None of this impressed the Federal Constitutional Court. It came to the conclusion that the standards of the ECtHR in the “Meng” case did not lead to the Cum-Ex conviction being unconstitutional.


In the second Cum-Ex judgment, no explicit reference was made in the written reasons for the judgment to the findings in the first judgment or to the evidence taken there. According to the standards of the ECtHR in previous decisions on bias within the meaning of Art. 6 ECHR, this would entitle the judge to be recused in any case.

Nevertheless, it is to be expected – at least hoped – that the European Court of Human Rights will also affirm bias in the Cum-Ex case – and thus correct the decision of the Federal Constitutional Court of January 27, 2023.

For two coincidences shattered the illusion that the rejected judges would have faced the new defendant completely without prejudice.

During the main hearing, a dispute arose over the content of the testimony of a witness from the previous trial.

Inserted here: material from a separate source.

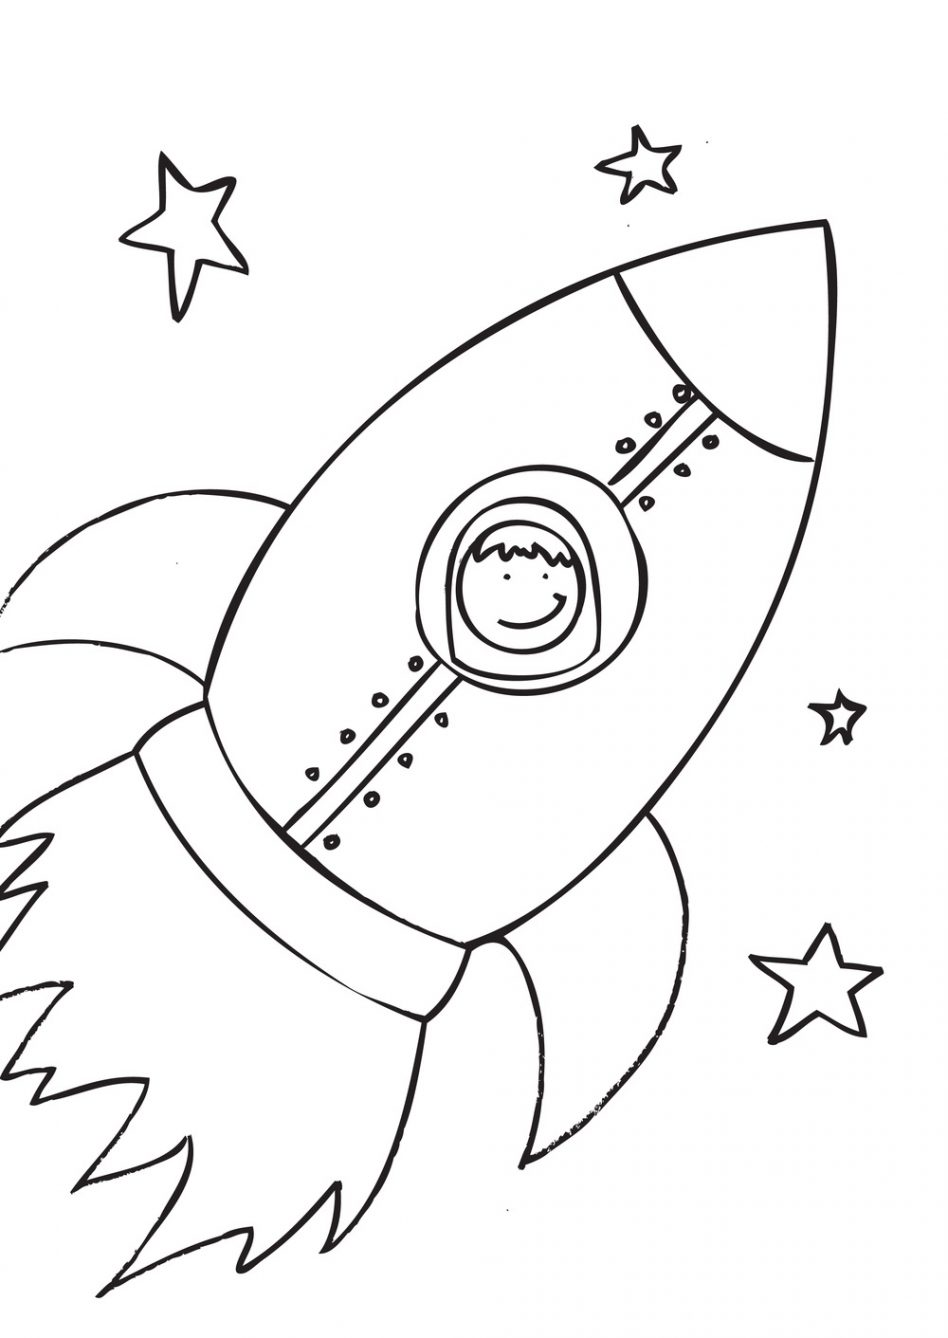 nasa-spaceship-drawing-at-getdrawings-free-download

In this context, the chairman, who had already been dismissed for pre-trial proceedings, had said: “Not everyone here in the room – actually only very few in the room, namely [the rapporteur] and I, to be precise – heard the questioning [of the witness] at that time (…) I remember it somewhat differently from what you said (…).” After superior knowledge had been claimed in this way vis-à-vis the defendant from the previous trial, the last doubts should have evaporated that the judge was “also just a human being” who naturally cannot detach himself from earlier experiences and memories.

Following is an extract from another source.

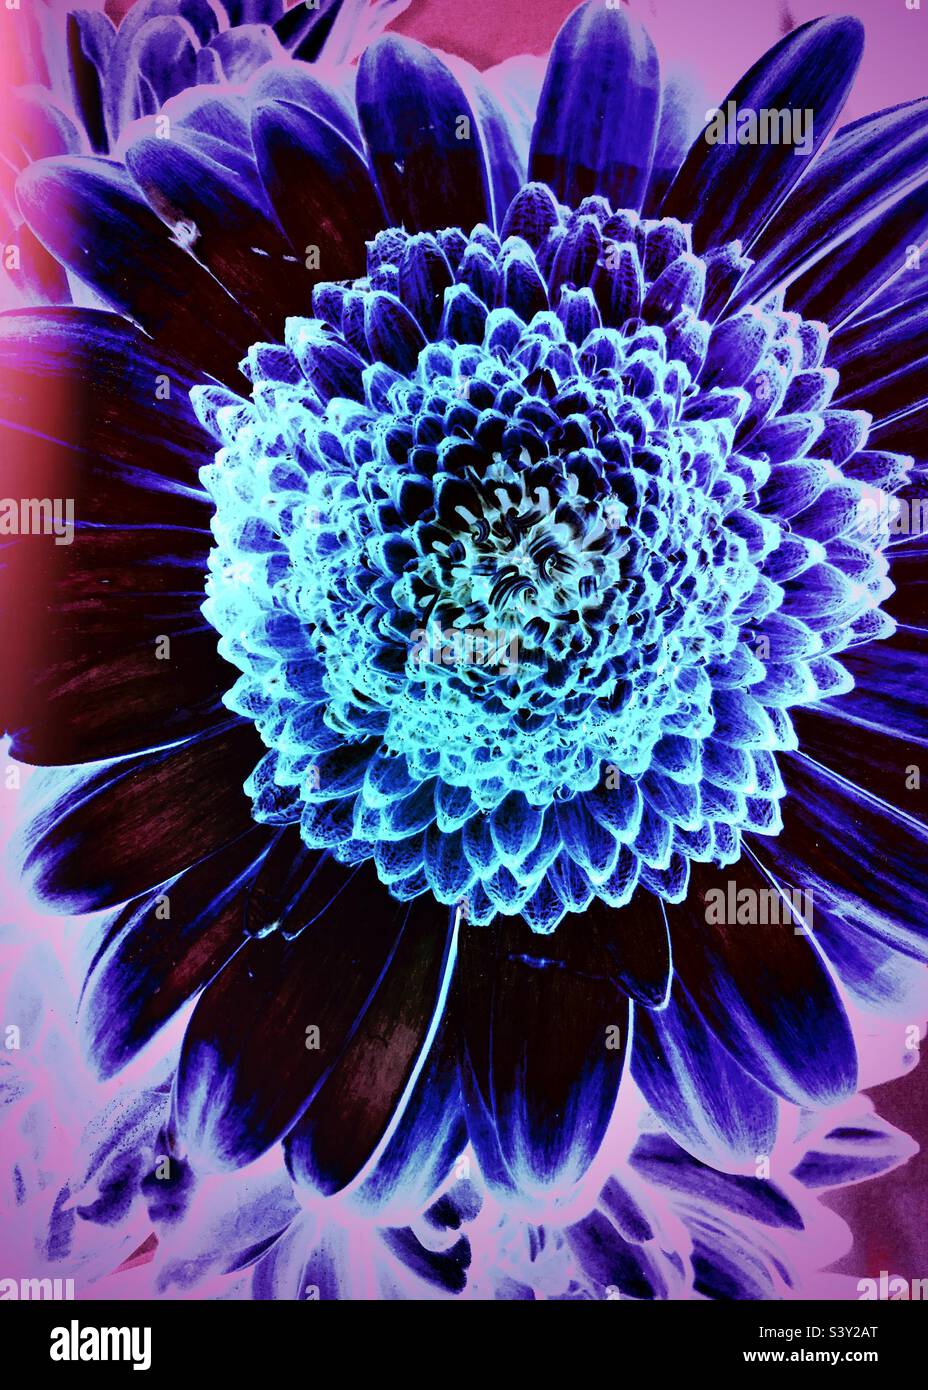 Chrysanthemum flower closeup with surreal indigo blue effect Stock Photo

More by chance than by misadventure, the following also came to light:

At the 12th Criminal Chamber of the Bonn Regional Court, which had been set up there as the “Cum-Ex Chamber”, an electronic folder was kept containing transcripts from previous proceedings. All chamber members had access to this folder, including those who had not yet been involved in the first judgment. This “secret file” had become known by chance. In one of the later Cum-Ex proceedings before the 13th Criminal Division, the defense attorneys had requested access to the files. In the course of this file inspection, a USB stick containing the internal transcripts had been sent by mistake by a court employee. It came to light that the transcripts had not only been made available to the judges within the 12th chamber, but had also been passed on to a judge of the 13th criminal chamber. This process led – justifiably – to the rejection in the more recent proceedings (LG Bonn, Beschlussl. v. 22.02.2023 63 KLs-213 Js 15/22-1/22 = StV/Strafverteidiger 8/2023, p. 514).

This anecdote about the internal transfer of information from one court proceeding to the next has not yet been taken into account in the decision of the Federal Constitutional Court. At the time, it had not yet been made public. However, it is to be expected that the European Court of Human Rights will take an interest in the matter. Because if it is already supposed to lead to bias on the part of a judge if he expressly refers to earlier proceedings in his reasons for judgment, this must apply all the more if he does so secretly.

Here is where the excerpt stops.